Francuz dodaje uznanie do swojego istniejącego rekordu godzinowego dla swojej grupy wiekowej
Do tego roku najlepszym wynikiem Roberta Marchanda było siódme miejsce w jeździe na czas Grand Prix des Nations w wieku 35 lat. dalej, aby rozbić rekord godzin.
Jeszcze lata praktyki opłaciły się, gdy 71 lat później wyznaczył nowy czas jeżdżąc na rowerze w grupie wiekowej powyżej 105 lat.
Na oczach wiwatującego tłumu i kamer telewizyjnych w styczniu przebył 22.547 kilometrów w Vélodrome National de Saint-Quentin-en-Yvelines we Francji.
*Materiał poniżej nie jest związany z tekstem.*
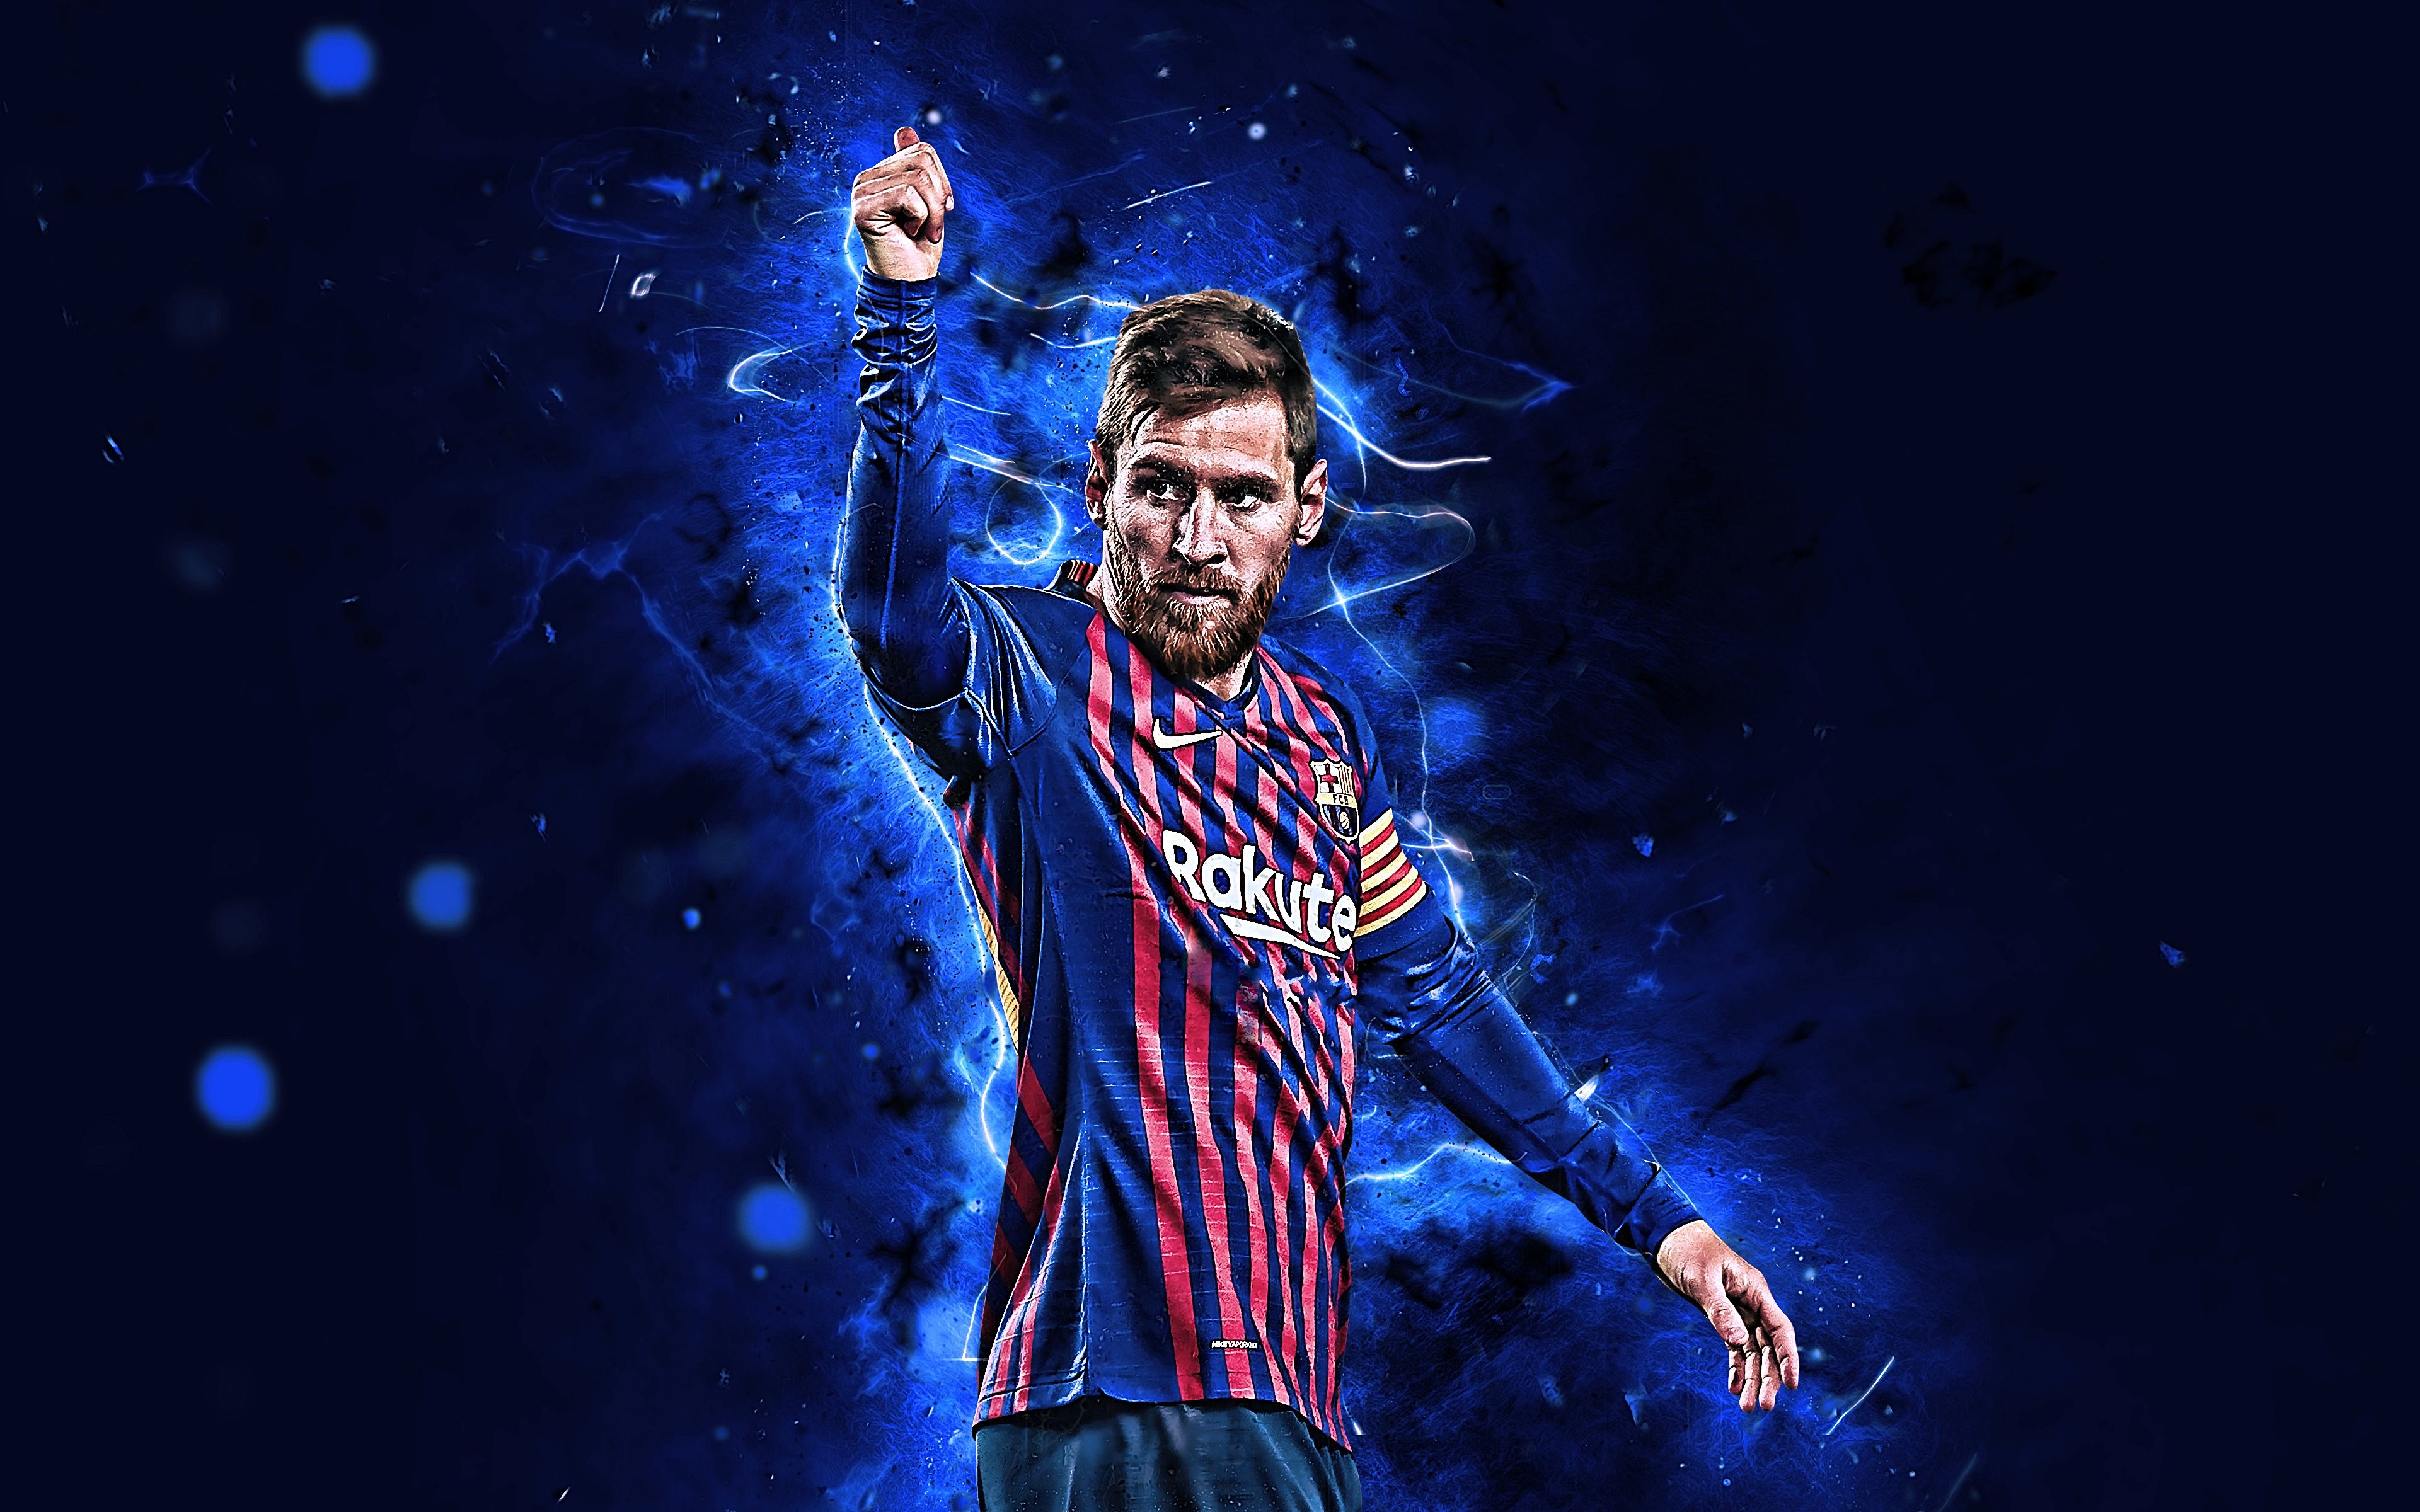 Với độ phân giải 4k rực rỡ và hình ảnh chân thực, hình nền Messi sẽ đưa bạn đến gần hơn với ngôi sao bóng đá hàng đầu thế giới này. Cảm nhận sự tuyệt vời của vẻ đẹp trai và kỹ năng siêu hạng của Messi ngay tại chiếc điện thoại của bạn.

Ponieważ UCI wcześniej stworzyło kategorię „masterów powyżej 100 roku życia” specjalnie dla kolarza, jego ostatnie osiągnięcie sprawiło, że po raz drugi wszedł do księgi rekordów jako najstarszy kolarz wyczynowy na świecie.
Urodzony w 1911 roku, jako niemowlę Marchand przeżył I wojnę światową, której linia frontu przebiegała obok jego domu w Amiens. Lata 30. spędził w Paryżu, pracując jako strażak.
Dożywotni komunista i członek Związku Zawodowego CGT, brał udział w strajkach w 1936 roku, zanim dostał się do niewoli podczas II wojny światowej.
W następnych latach podróżował po świecie, znajdując pracę jako plantator w Wenezueli i drwal w Kanadzie, zanim w końcu wrócił do Francji.
Pomimo swojego wieku jeździec wciąż widzi możliwości poprawy swoich wyników.
„Nie widziałem znaku ostrzegającego mnie, że zostało mi 10 minut”, skomentował po swojej jeździe.
'W przeciwnym razie poszłabym szybciej. Wysłałbym lepszy czas. Teraz czekam na rywala”.